Stephens cuts Hologic stock target to $70, maintains overweight

Published 05/13/2025, 07:36 AM
Stephens cuts Hologic stock target to $70, maintains overweight

On Tuesday, Stephens analyst Mason Carrico revised the price target for Hologic (NASDAQ:HOLX) shares, lowering it to $70 from the previous $77, while continuing to recommend an Overweight rating on the stock. The adjustment follows Hologic’s second fiscal quarter of 2025 performance, which saw the company’s shares decline after reporting results that fell short of expectations. With a current market capitalization of $13.1 billion and trading at $58.81, InvestingPro analysis suggests the stock is currently undervalued, despite 14 analysts recently revising their earnings expectations downward.

Despite a modest revenue exceedance driven by the Skeletal segment, both gross and operating margins did not meet projections, although adjusted earnings per share surpassed estimates by one cent. The company maintains a healthy gross profit margin of 61% and operates with moderate debt levels. Hologic has issued guidance for the third fiscal quarter of 2025, anticipating revenues and adjusted earnings per share to be below the Street’s expectations. InvestingPro subscribers can access 12 additional key insights about Hologic’s financial health, which currently rates as GOOD with an overall score of 2.97.

Looking forward, the company anticipates a return to growth in its breast health segment in the fourth fiscal quarter of 2025. Furthermore, the upcoming Envision product launch in 2026, along with more favorable comparisons, are expected to contribute to the growth of the breast health sector in the next year. In the near term, however, the absence of significant catalysts might result in the stock’s performance remaining within a certain range. The stock’s beta of 0.55 indicates relatively low volatility compared to the market, while its PEG ratio of 0.93 suggests potential value relative to its growth prospects.

Carrico pointed out that the stock is currently trading at approximately 14 times the firm’s estimated earnings per share for fiscal year 2026, suggesting that the market has already factored in the moderated near-term growth. For the stock to experience an upward trajectory, improvements in top-line trends will be essential.

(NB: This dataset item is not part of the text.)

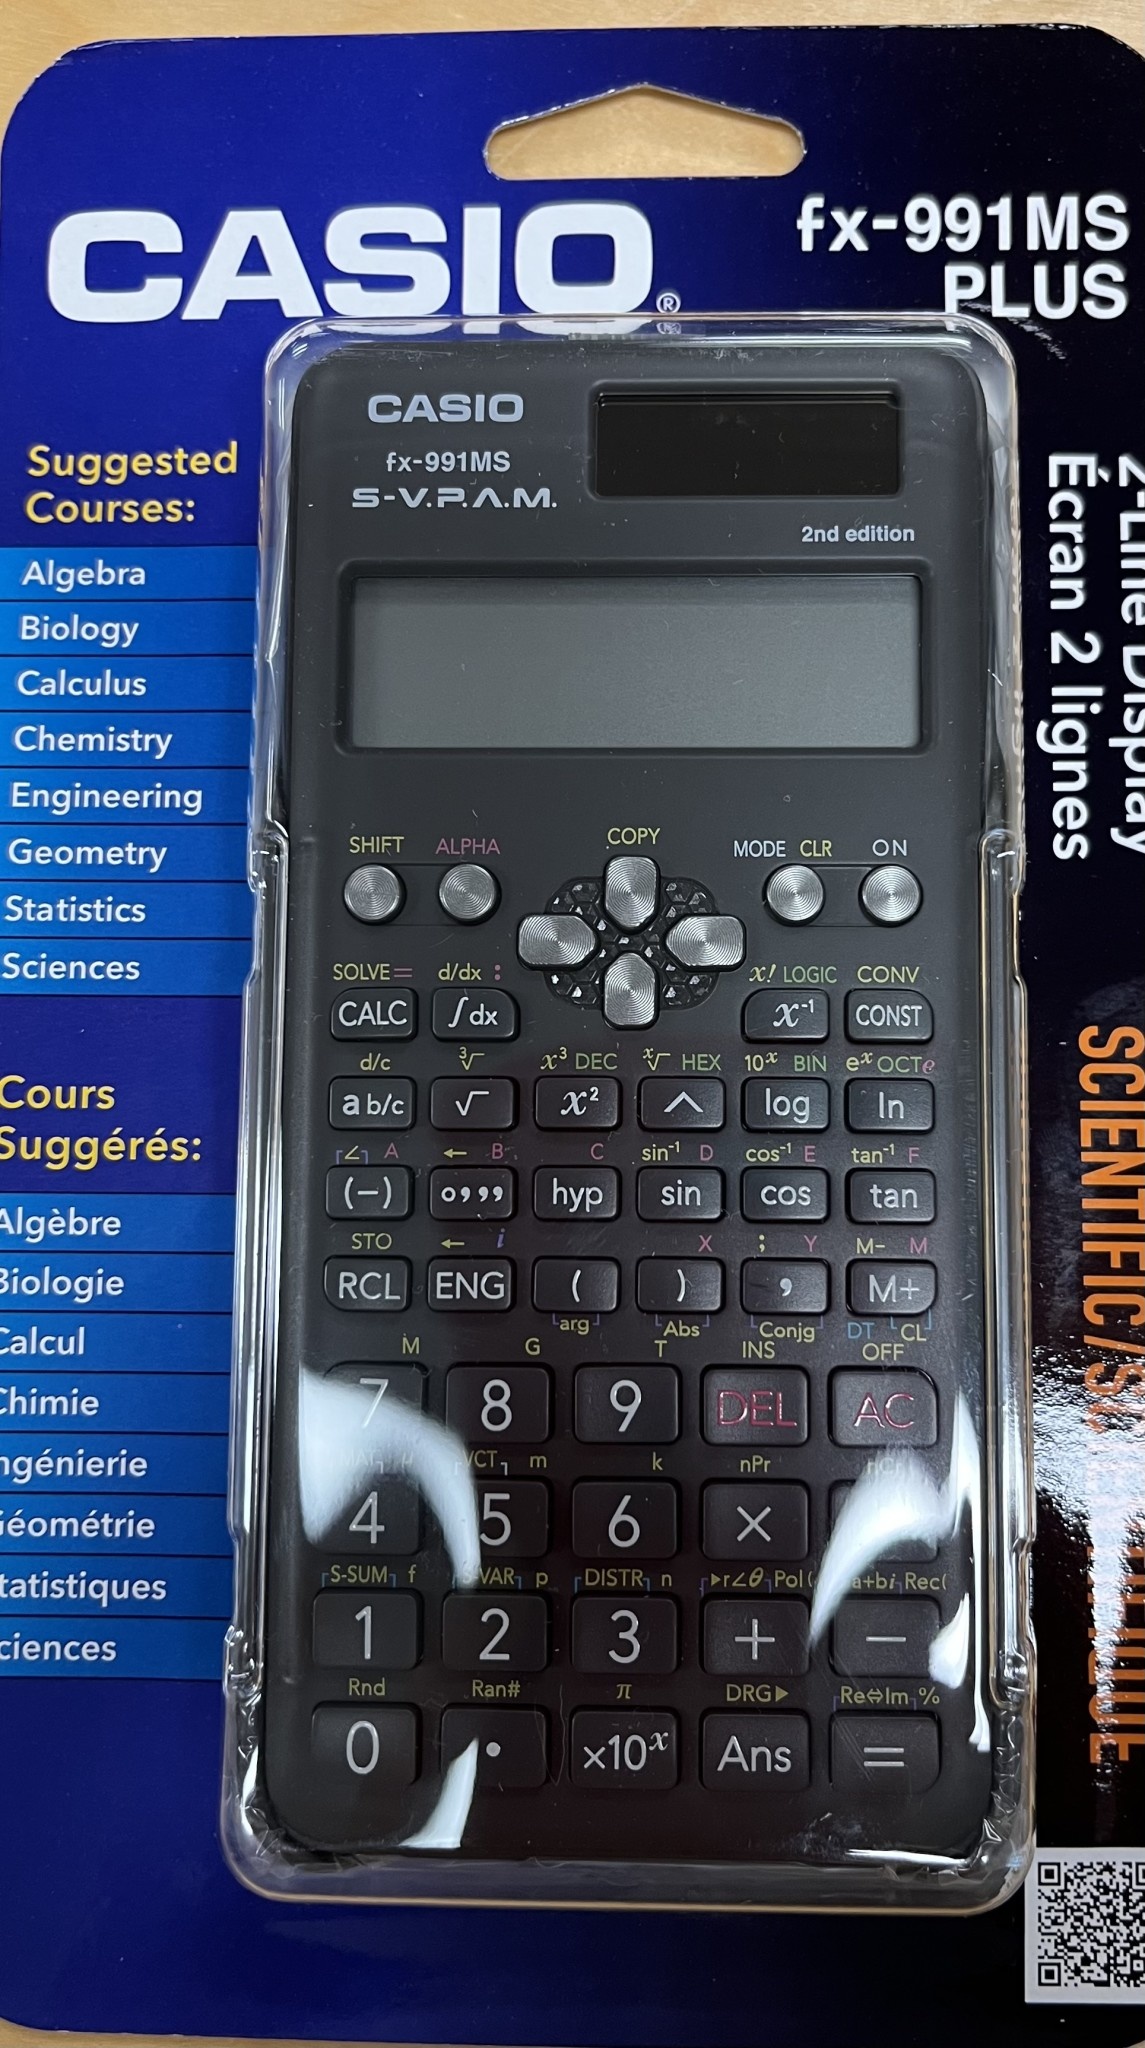 Calculator Casio FX-991MS Plus - The PA Shop@Bayview Glen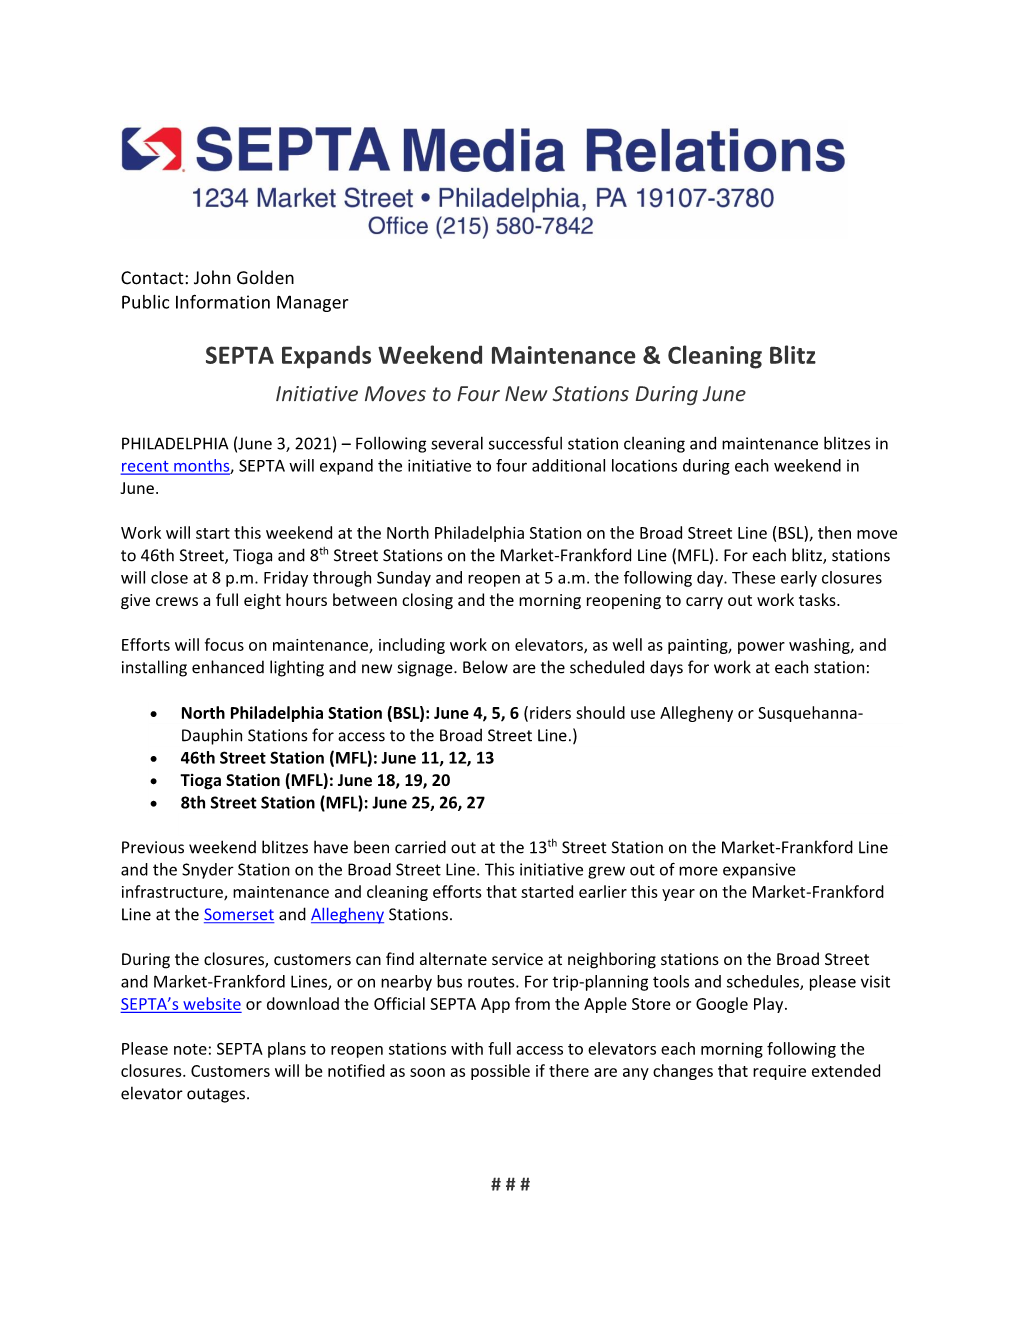 SEPTA Expands Weekend Maintenance & Cleaning Blitz

The analyst expressed optimism for the potential for such improvements as the year comes to a close.

In summary, while the near-term outlook for Hologic does not present much to be enthusiastic about, Stephens believes that the stock holds more potential for upside than downside over the forthcoming 12 months. This perspective is contingent upon Hologic’s successful execution in its breast health division. The firm has reiterated its Overweight rating on the stock, with a revised price target of $70.

In other recent news, Hologic Inc . reported second-quarter financial results that exceeded expectations, with adjusted earnings per share (EPS) of $1.03, surpassing analyst estimates of $1.02, and revenue reaching $1.01 billion, slightly above the consensus forecast of $1 billion. Despite this performance, Hologic lowered its full-year earnings guidance, now projecting adjusted EPS of $4.15 to $4.25, down from the previous forecast of $4.25 to $4.35. The company maintained its full-year revenue guidance between $4.05 billion and $4.10 billion, though it adjusted its EPS forecast downward due to anticipated reduced revenue from China and tariff impacts. Mizuho Securities responded by lowering Hologic’s stock price target from $75 to $65 while maintaining an Outperform rating, reflecting the updated earnings estimates and ongoing market challenges. Similarly, Jefferies reduced its price target from $78 to $65, maintaining a Hold rating, and noted a 3% decline in growth aligning with market expectations. The company’s Breast Health segment experienced a notable revenue decline, while the diagnostics segment saw a slight increase. Hologic’s third-quarter forecast anticipates adjusted EPS of $1.04 to $1.07 on revenue of $1 billion to $1.01 billion, below analyst estimates. Analysts from both Mizuho and Jefferies highlighted the challenges faced by Hologic, particularly in the Chinese market and due to tariffs, impacting the company’s financial outlook.